Deutsche Bank recovers on report of lower settlement, CEO's reassurances

Kim Hjelmgaard
USA TODAY
The headquarters of Deutsche Bank in Frankfurt, Germany.

BERLIN -- Shares in Deutsche Bank went on a wild ride Friday, tumbling over concerns about its financial health, but then reversing course after a news agency said U.S. regulators agreed to a much lower than expected settlement over mis-sold mortgage securities, and the company's CEO offered reassurances.

Deutsche Bank's stock tumbled after reports emerged that it might need a government bailout after several major hedge fund investors in the Frankfurt-based company were said to have pulled billions of dollars from the bank because of concerns over its ability to raise capital.

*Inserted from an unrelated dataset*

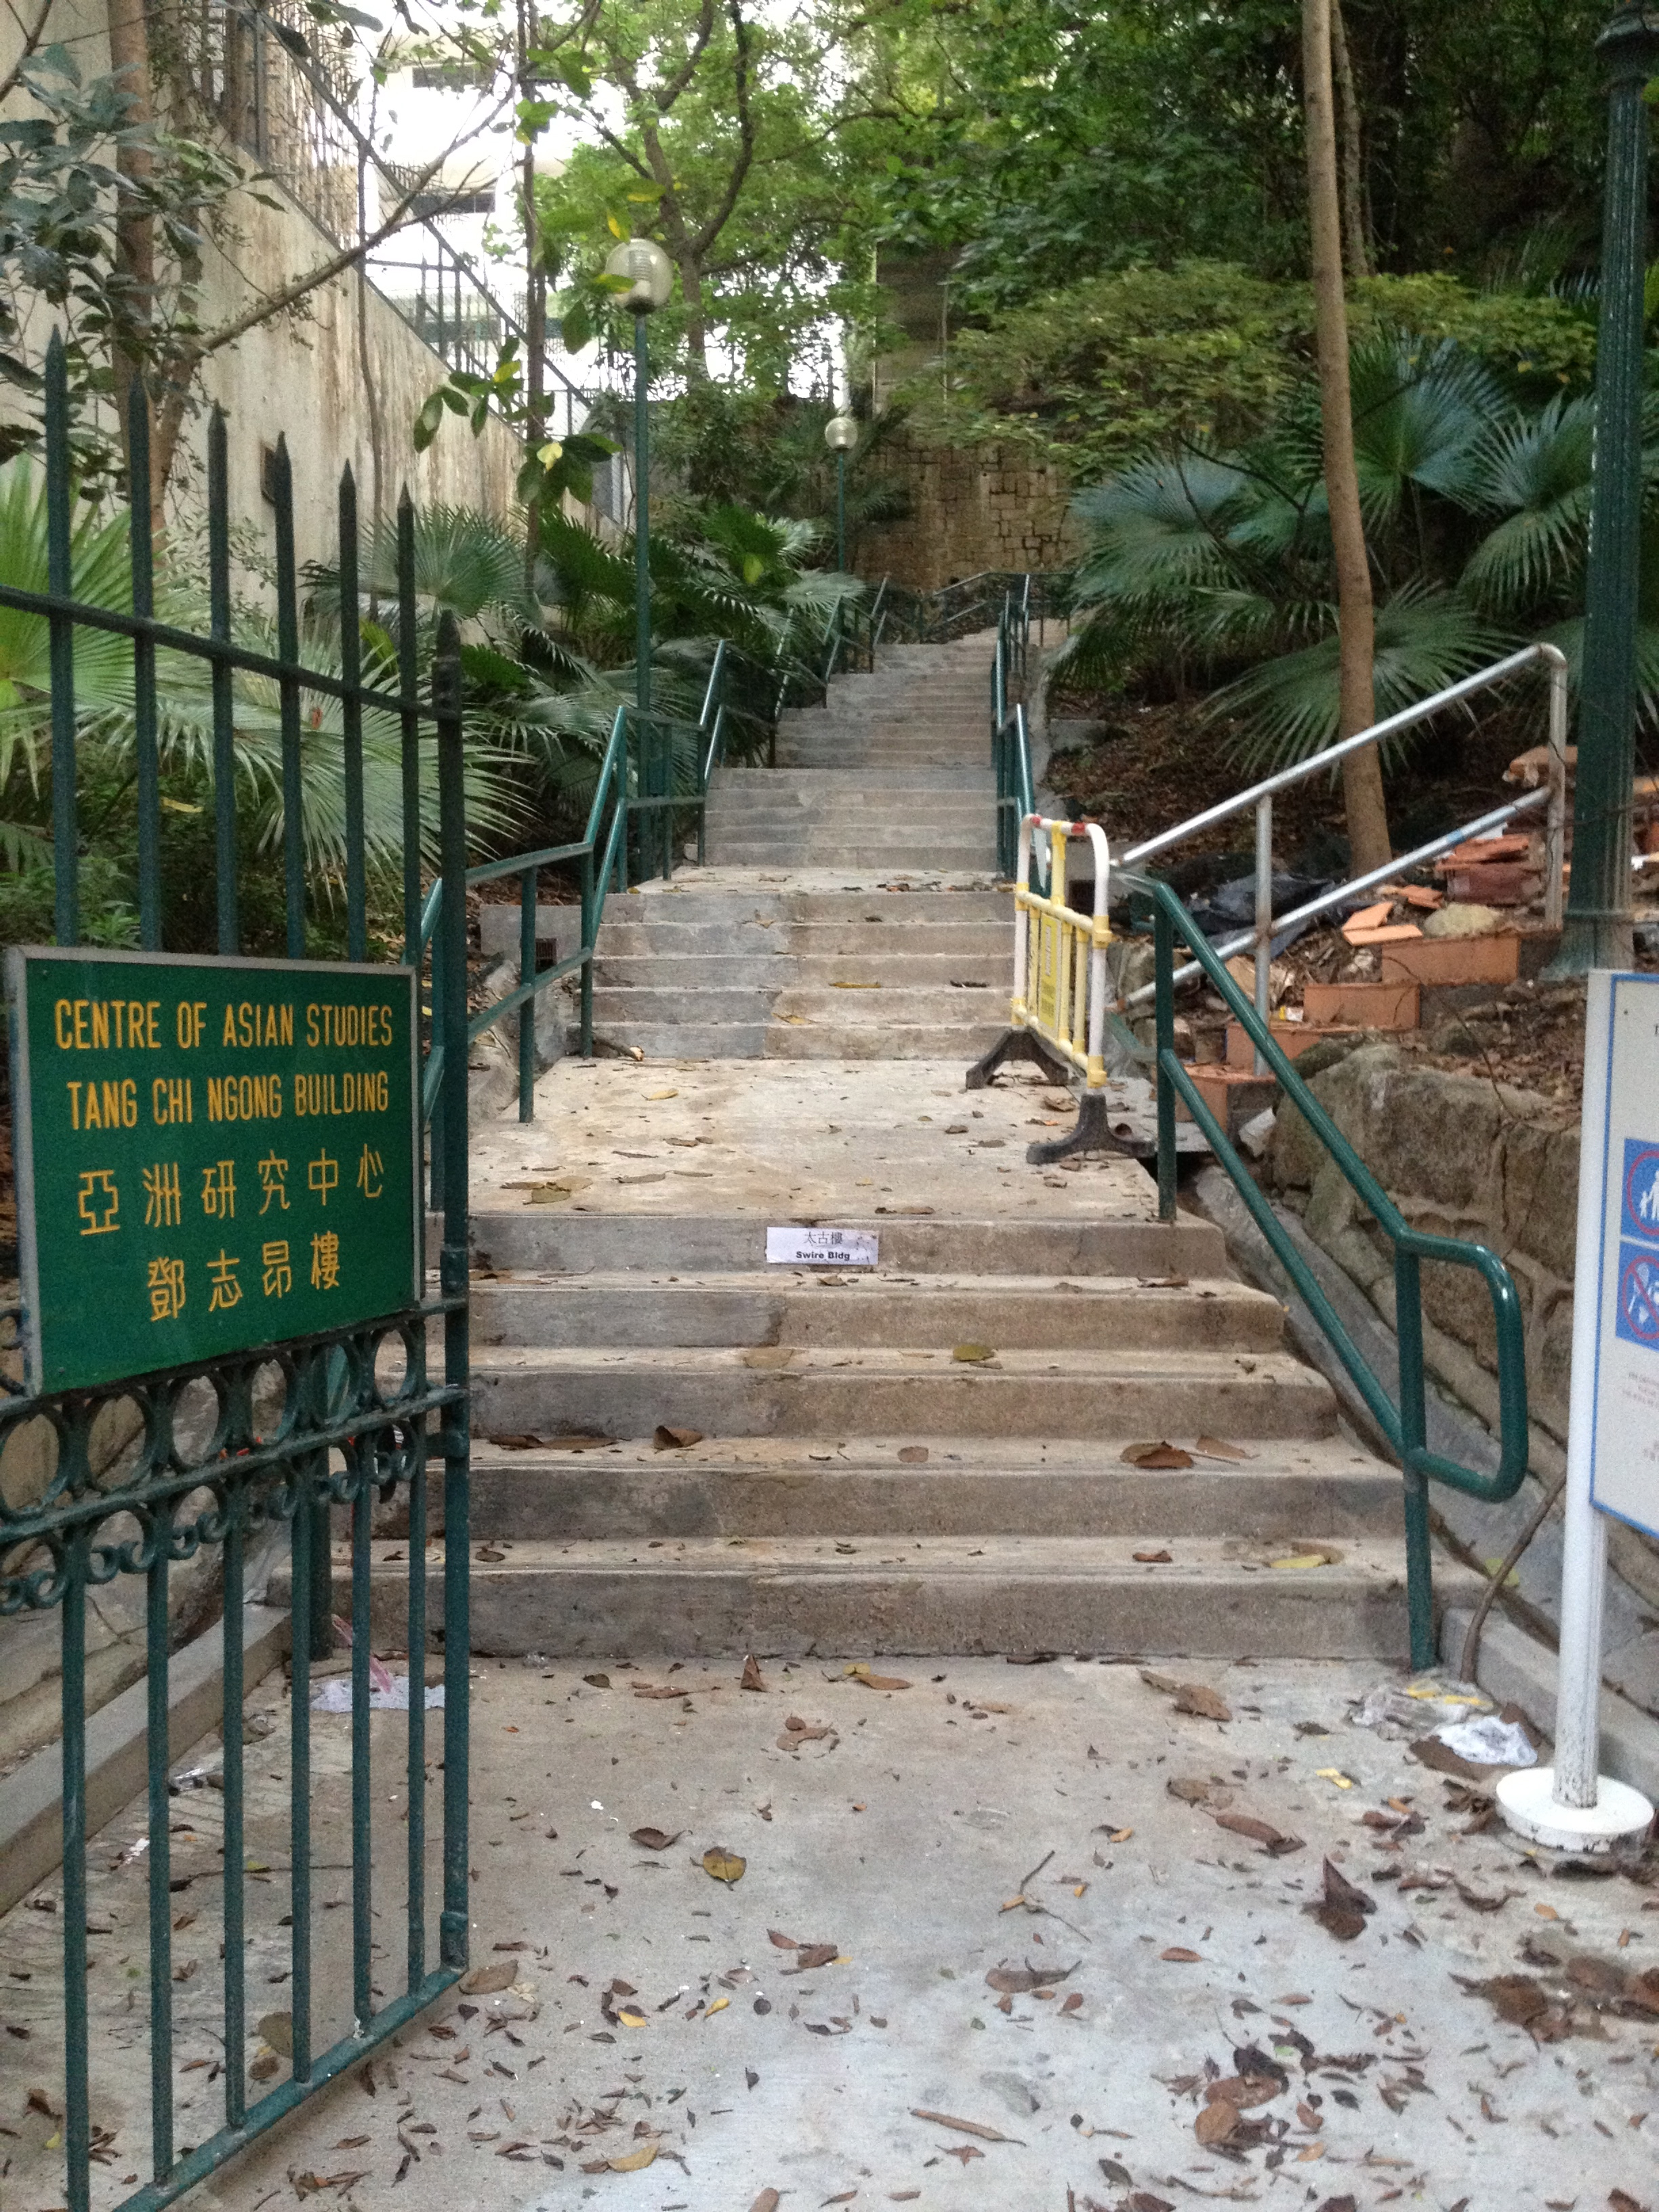 Centre of Asian Studies stairs, Bonham Road

Asian stocks lower on renewed worries about banking sector

Fears over Deutsche's financial health stretch back to the 2008 financial crisis, when it was hit with various fines and lawsuits as regulators forced Europe's banking sector to restructure, but they were brought back into the spotlight after the United States Justice Department last week suggested the German lender may need to pay $14 billion to settle several investigations.

The rally, which came after the stock touched a record low, was prompted by an unsourced report by Agence France-Presse that the U.S. government had agreed to a settlement worth $5.4 billion. Shares rallied to close more than 6% higher in Europe and rose in the U.S. Deutsche Bank declined to comment on the report.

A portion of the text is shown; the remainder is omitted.